I contacted the local Canon servicing centre (outsourced to an external company) who requested unedited images which I've sent and they say calibration is definitely needed. 
I've advised the service agent, all my lenses are very sharp on my 500D. 

So the next question from him was, "How old are you lenses?"

He then advises that body to lens calibration also requires calibration of the lenses and thus there will be a charge incurred ($200 per lens!)

I'm asking if this is ethical, as other 7Dii users don't have the issues I do so why exactly should I be paying to calibrate my lenses?

As a first time owner of an advanced DSLR, I was certainly not aware of this and I would just like to ask if I'm wrong to be upset about this. 

I told him that 3 of 6 lenses I have longer than 2 years.


----------



## Mt Spokane Photography (Jan 2, 2015)

Canon calibrates a body against a accurate reference lens, not against your lens.

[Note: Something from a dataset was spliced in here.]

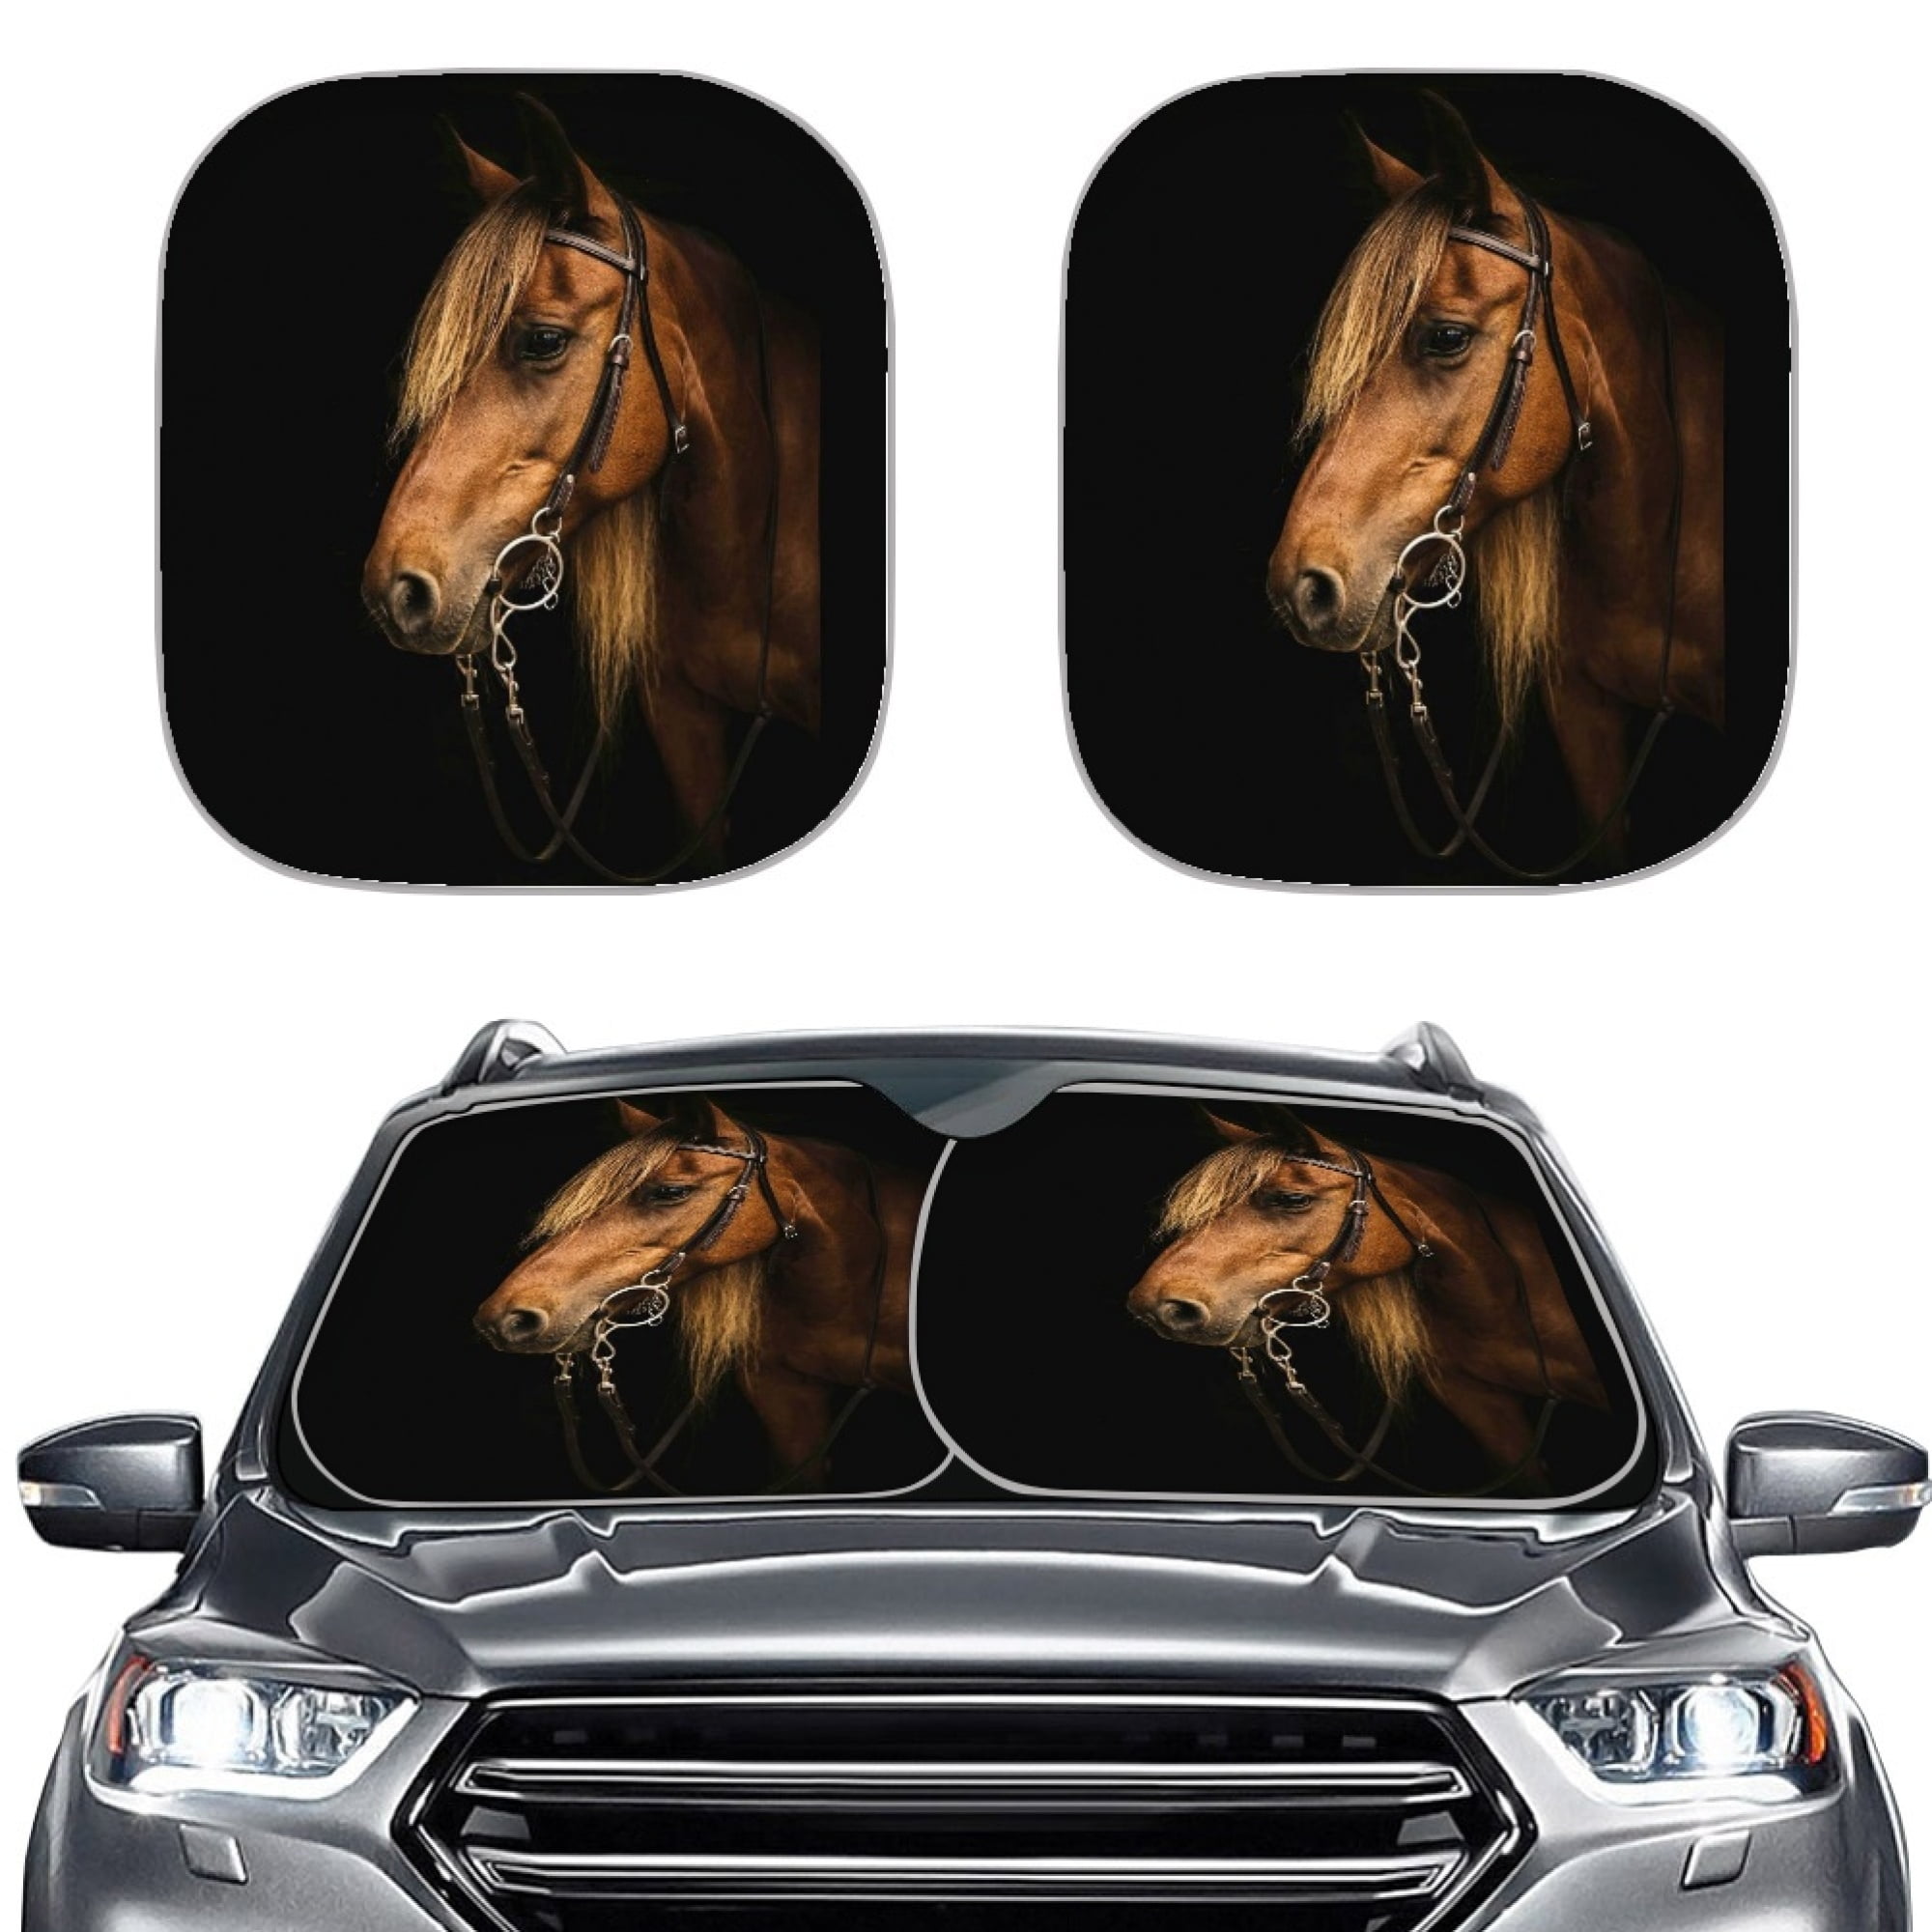 Diaonm Black Horse Car Windshield Sun Shade, Colorful Car Front Window  Cover for Car SUV Sunshade Visor Auto Vehicle Shield Reflector Blocking  Screen, Pack of 2, Black

Then they adjust the lens to a accurate reference body. Then they check your body with your lens and might make tiny tweaks to the lens.

Its likely from what you told them that they suspect a lens issue, since that is the problem 99% of the time.

Ask them to just calibrate the camera against their reference lens. Personally, I'd return the body for exchange. 

If you had your lenses adjusted to match your old body, then they will only be accurate on the old body. Canon would not do that, but other service centers might. That's a issue with adjusting lenses to match a body, if the body is not perfect, then they only match that body. Fortunately, the bodies are almost always fine.


----------



## Sabaki (Jan 2, 2015)

Mt Spokane Photography said:


> Canon calibrates a body against a accurate reference lens, not against your lens. Then they adjust the lens to a accurate reference body. Then they check your body with your lens and might make tiny tweaks to the lens.
> 
> Its likely from what you told them that they suspect a lens issue, since that is the problem 99% of the time.
> 
> ...



Hmmmmm...so it's a possibility that both the camera and lens should be calibrated then.


----------